売上が伸びている会社でも、目に見えない課題を抱えたまま経営を続けていることがあります。
「まだ大丈夫。」
「忙しいから後で考えよう。」
その積み重ねが、ある日突然、会社を大きく揺るがすことがあります。
では、会社が機能しなくなると何が起こるのでしょうか。
ある一人の経営者のお話をご紹介します。
エピソード
順調だった会社で起きた出来事
工事業を営む経営者がいました。
社員は約10名。
親分肌で面倒見が良く、「社員のために」が口癖の社長でした。
元請け企業の営業力もあり、仕事は全国へ広がっていました。業績は順調で、事務所を新設し、社長は高級車に乗るなど、誰が見ても勢いのある会社でした。
しかし、その一方で会社には課題がありました。
・一社への依存が大きい
・社長一人に判断が集中している
・組織としての仕組みが整っていない
会社は利益を上げていましたが、土台は決して強い状態ではありませんでした。
嫌な予感は現実になった
ある日、社長が私に話しました。
「元請けの営業が、お客様に実際以上の効果を伝えて営業している。このままでは、いつかトラブルになる。」
数か月後、その言葉は現実となりました。
元請け企業と販売先との間で裁判となり、その影響で元請けからの支払いは止まりました。
会社の資金繰りは一気に悪化します。そこから会社は坂道を転がるように状況が悪くなっていきました。
社員思いだった社長は、社員と話すことを避けるようになり、
「社員と顔を合わせたくない。」そう口にするようになりました。
経営に余裕がなくなると、人は正常な判断ができなくなります。
数か月後、会社には誰もいなかった
しばらくして会社へ電話をしても誰も出ません。
社員へ連絡すると、「給与も支払われず、社長は夜逃げをしました。」という返事でした。
会社へ行くと、郵便受けには郵便物が積み重なり、電気・ガス・水道は止まっていました。
会社が傾くとは、単に売上が減ることではありません。社員との信頼を失い、家族にも影響が及び、経営者自身の人生までも大きく変えてしまうのです。
会社の土台とは
この出来事から私が強く感じたことがあります。
会社は、問題が起きてから立て直すものではありません。問題が起きる前に、会社の土台を整えておくことが何より重要だということです。

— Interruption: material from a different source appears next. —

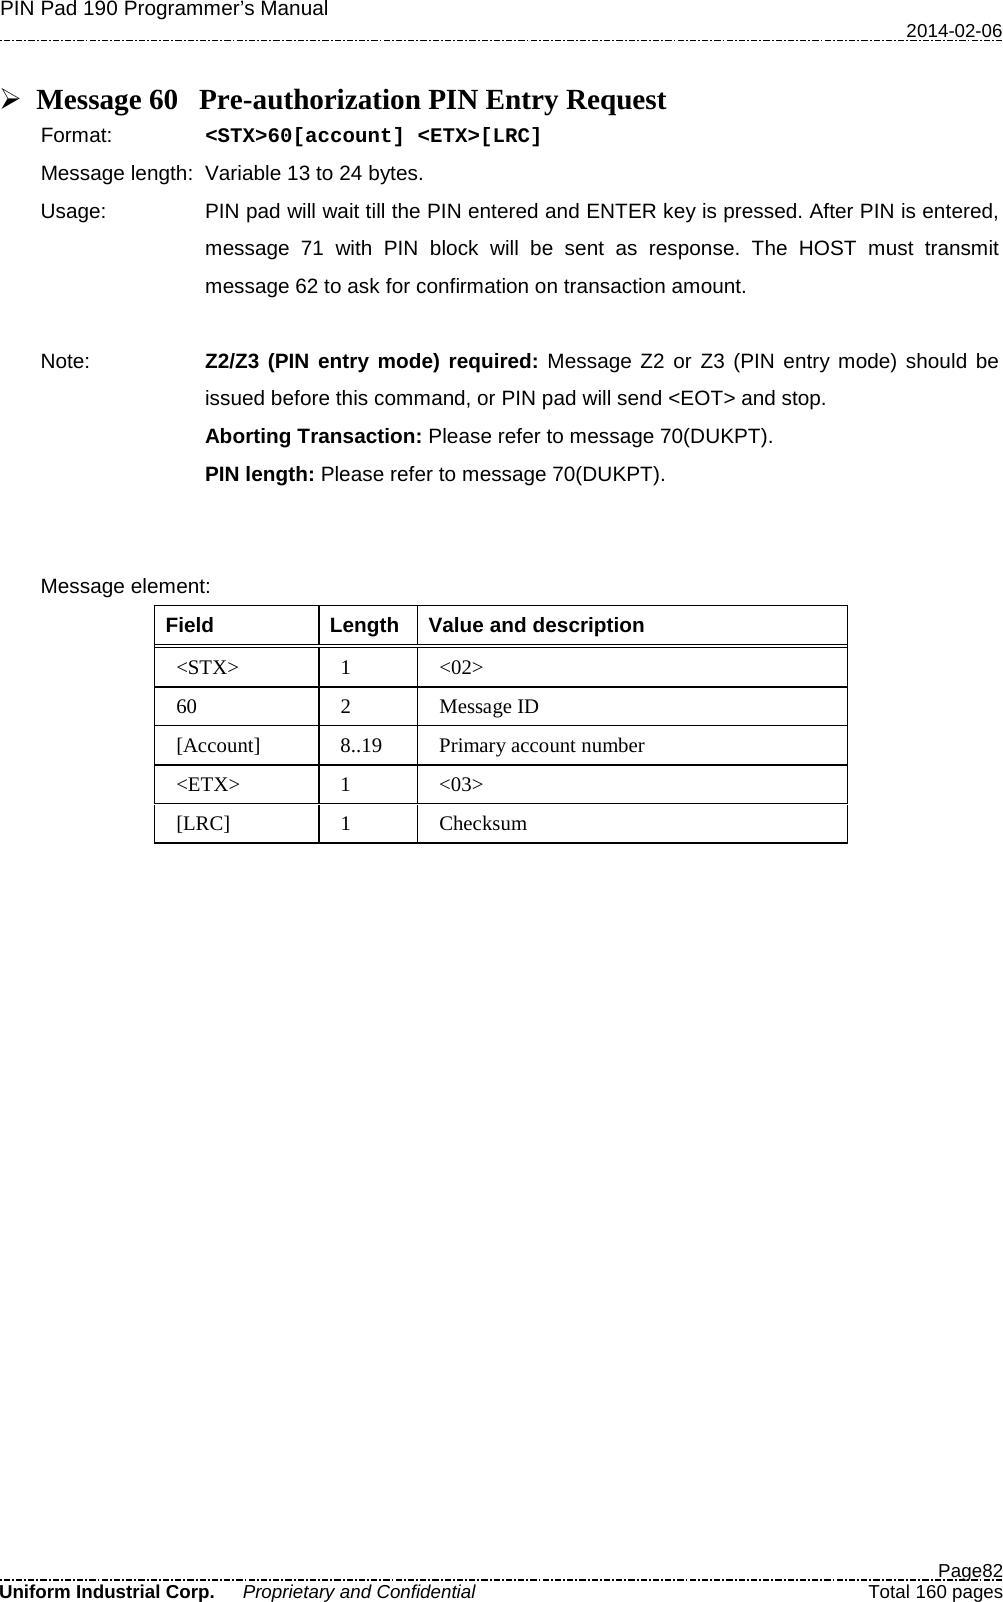 PIN Pad 190 Programmer’s Manual   2014-02-06  Page82 Uniform Industrial Corp. Proprietary and Confidential  Total 160 pages   Message 60 Pre-authorization PIN Entry Request Format:   &lt;STX&gt;60[account] &lt;ETX&gt;[LRC] Message length: Variable 13 to 24 bytes. Usage: PIN pad will wait till the PIN entered and ENTER key is pressed. After PIN is entered, message 71 with PIN block will be sent as response. The HOST must transmit message 62 to ask for confirmation on transaction amount.  Note: Z2/Z3 (PIN entry mode) required: Message Z2 or Z3 (PIN entry mode) should be issued before this command, or PIN pad will send &lt;EOT&gt; and stop. Aborting Transaction: Please refer to message 70(DUKPT). PIN length: Please refer to message 70(DUKPT).     Message element:   Field  Length  Value and description &lt;STX&gt;  1  &lt;02&gt; 60  2  Message ID [Account] 8..19 Primary account number &lt;ETX&gt;  1  &lt;03&gt; [LRC]  1  Checksum

会社の土台とは、会社が継続して発展するための基盤です。
利益だけではありません。
理念という軸があり、組織が役割を果たし、営業が仕組みとして機能し、必要な情報が共有されている。会社全体が本来の役割を果たせる状態が、会社の土台です。
なぜ機能化が必要なのか
会社は、何か一つを改善すれば強くなるものではありません。
・理念が機能する。
・組織が機能する。
・営業が機能する。
・デジタルが機能する。
それぞれが役割を果たし、会社全体が機能してはじめて、変化に強く、発展し続ける会社になります。
プラドでは、この状態を「機能化」と呼んでいます。
良い会社とは、利益を上げる会社ではありません。
経営者、社員、そして会社に関わるすべての人が安心して未来を描ける会社です。
会社が順調な今だからこそ、土台を整え、会社を機能化する。
それが、未来の会社と経営者を守ることにつながります。